As clearly shown in Figure 5, since 1960, the ocean heat content anomalies for the South Atlantic (90S-0, 70W-20E) warmed in 1981 and over the 2-year period of 2004 and 2005. For the multidecadal periods before and between, and for the short period after, the South Atlantic exhibits no evidence of warming. In other words, the South Atlantic ocean heat content anomalies only warmed during the three years of 1981 and 2004/05. I don’t believe greenhouse gases can pick and choose which years they’ll impact and then sit idly by for the other 50+ years.
The South Atlantic does not pass the test for “continuous warming”. The same can be said for the next subset.
Figure 6 presents the ocean heat content anomalies for the first of the two major subsets. The East Pacific (90S-90N, 180-80W) covers about 33% of the surface area of the global oceans. There are a number of papers that discuss the impact of the 1976 Great Pacific Climate Shift on the sea surface temperature of the East Pacific. It also appears to have had an impact on the ocean heat content of the East Pacific. The data also exhibits an upward shift in 1990, immediately after the 1988/89 La Niña event, which was the strongest single season La Niña event in recent history. If not for the upward shifts in those two years, the East Pacific ocean heat content anomalies show no evidence of warming for the decadal and multidecadal periods before, between and after them.
The Indian-West Pacific (90S-90N, 20E0180) is the largest of the subsets presented in this post. It represents about 39% of the surface area of the global oceans. Curiously, it is the only subset to exhibit warming in recent years. Note also how the ocean heat content anomalies for this region failed to warm from 1955 to 1997, even though greenhouse gas emissions were increasing over those 4 decades. If anything, they cooled slightly. Then in response to the 1998/99/00/01 La Niña, ocean heat content shifted upwards. That upward shift actually makes sense, though we might have expected to see other less-notable shifts in the past. What really looks awkward is the continued warming in response to the pair of double dip La Niña events that followed the moderate-to-strong El Niño events of 2006/07 and 2009/10. They weren’t super El Niño events by any stretch of the imagination, but they caused unusually strong ocean heat content rises according to the data.
This is when I wish we still had access to the UKMO EN3 ocean heat content data through the KNMI Climate Explorer. That dataset presented the ARGO-era ocean heat content data without the NODC’s constant adjustments. Could it be that those adjustments are the only reason the ocean heat content data in this region continues to exhibit warming? Do we assume that when corrections are made they’re made equally across all ocean basins? They may not.
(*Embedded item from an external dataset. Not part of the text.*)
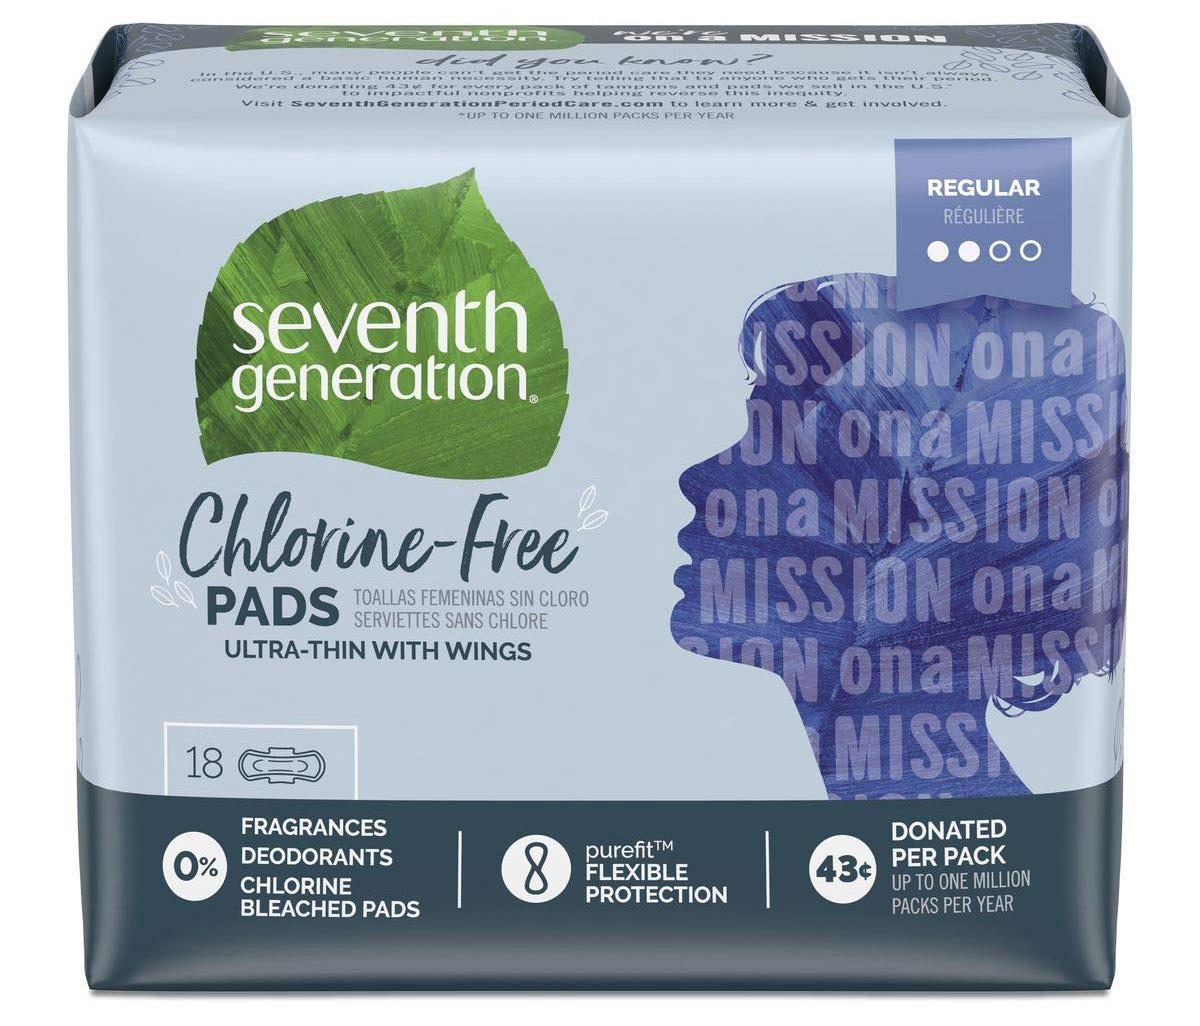 Seventh Generation Ultrathin Pads for $2.99

Regardless, the Indian-West Pacific dataset fails to provide the continuous warming one would expect from anthropogenic greenhouse gases.
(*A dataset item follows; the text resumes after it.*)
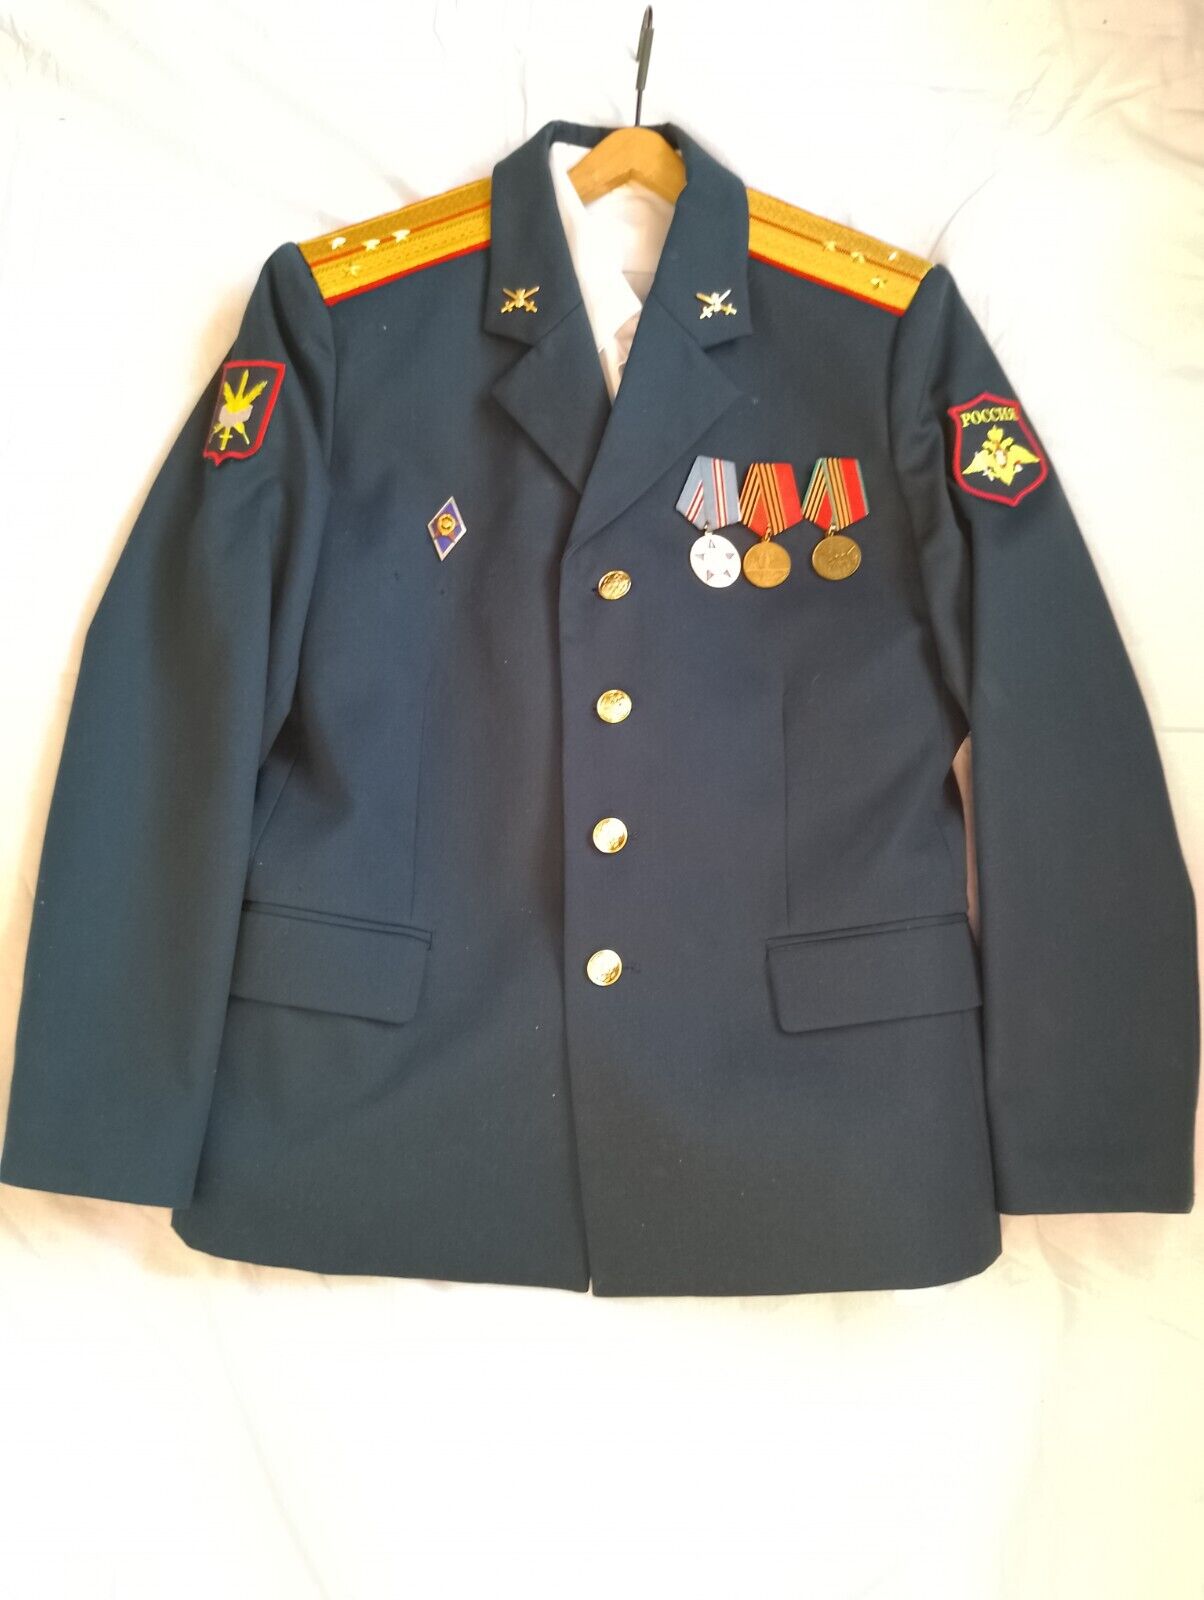 2005, Parade military costume of an officer, captain Russian Army. Awards.

If you’re a proponent of anthropogenic global warming and if you choose to present your data analyses, please do so using data available on a gridded basis in a reasonably easy-to-use format, from a source such as the KNMI Climate Explorer, as I always do in my blog posts so that anyone can verify results. What we’re not looking for are claims to the effect of, “oh, that’s caused by aerosols.” You’ll need to supply the data source to accompany your claim, to show cause and effect. If you’re a modeler and you’d like to discuss your models, please ask KNMI to add to their Climate Explorer the outputs of your ocean heat content simulations that exist in the CMIP3 and CMIP5 archives.
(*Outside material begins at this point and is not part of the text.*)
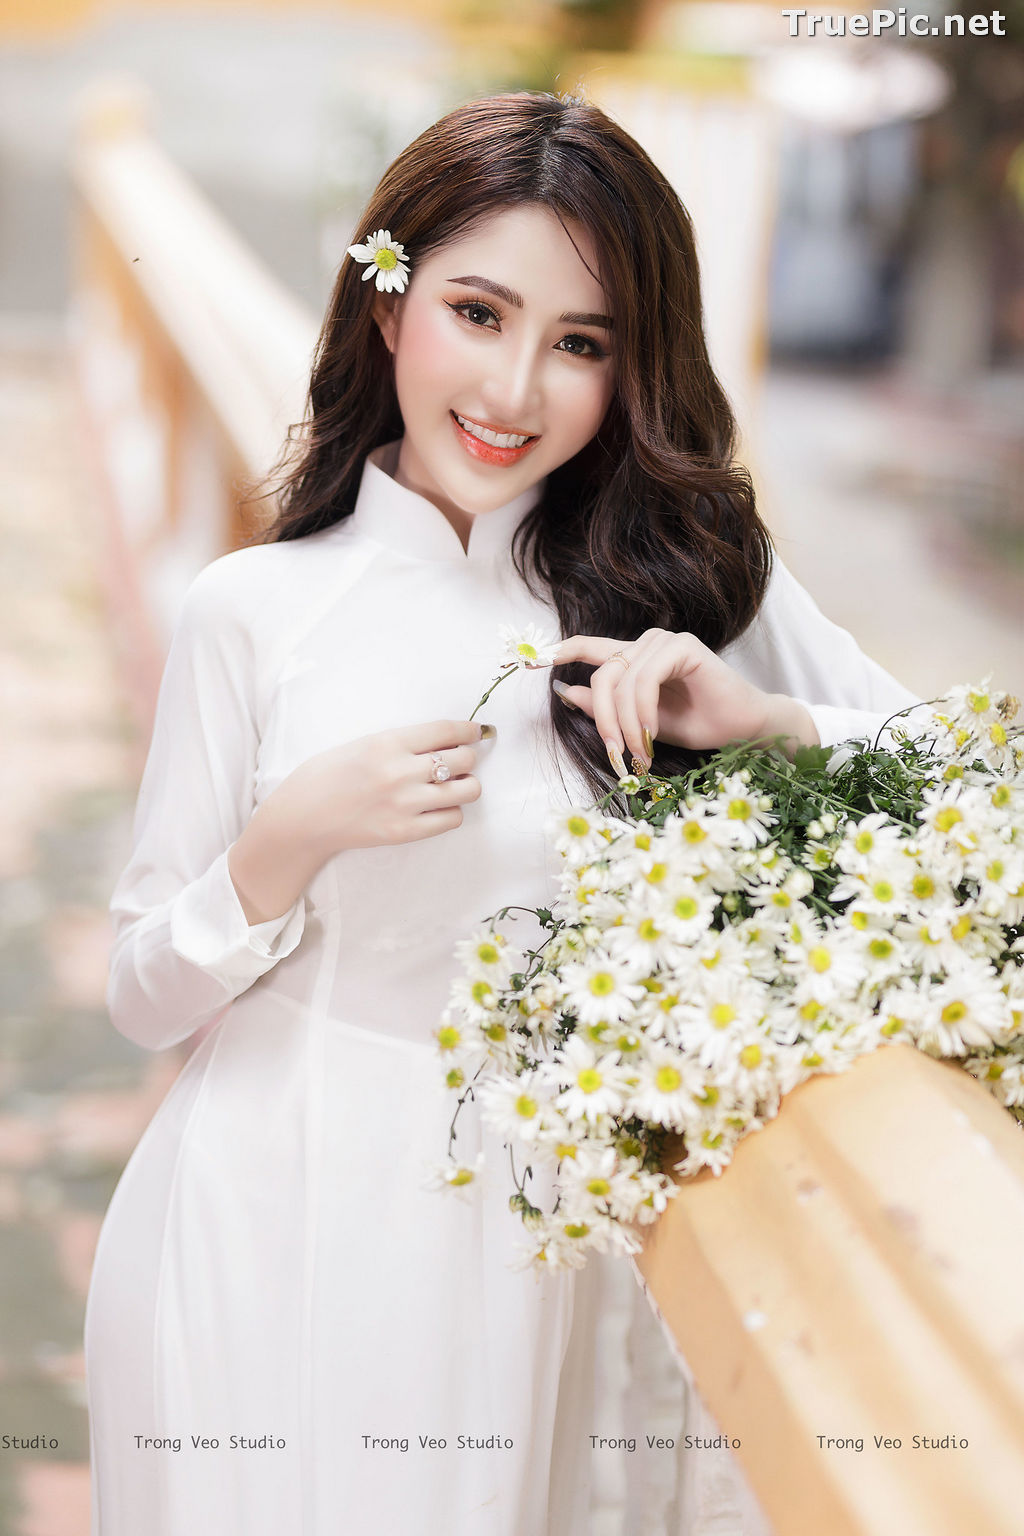 Image The Beauty of Vietnamese Girls with Traditional Dress (Ao Dai) #3 - TruePic.net - Picture-12

Please also explain, as part of your analyses, how anthropogenic forcings are responsible for the disparity in the trends, as shown in Figure 8. Don’t forget the data to accompany your claims.
If you’re a regular visitor to SkepticalScience, please don’t waste your time and present the gif animation The Escalator. That would clearly indicate you haven’t a clue what you’re talking about.
The data presented in this post is available through the KNMI Climate Explorer.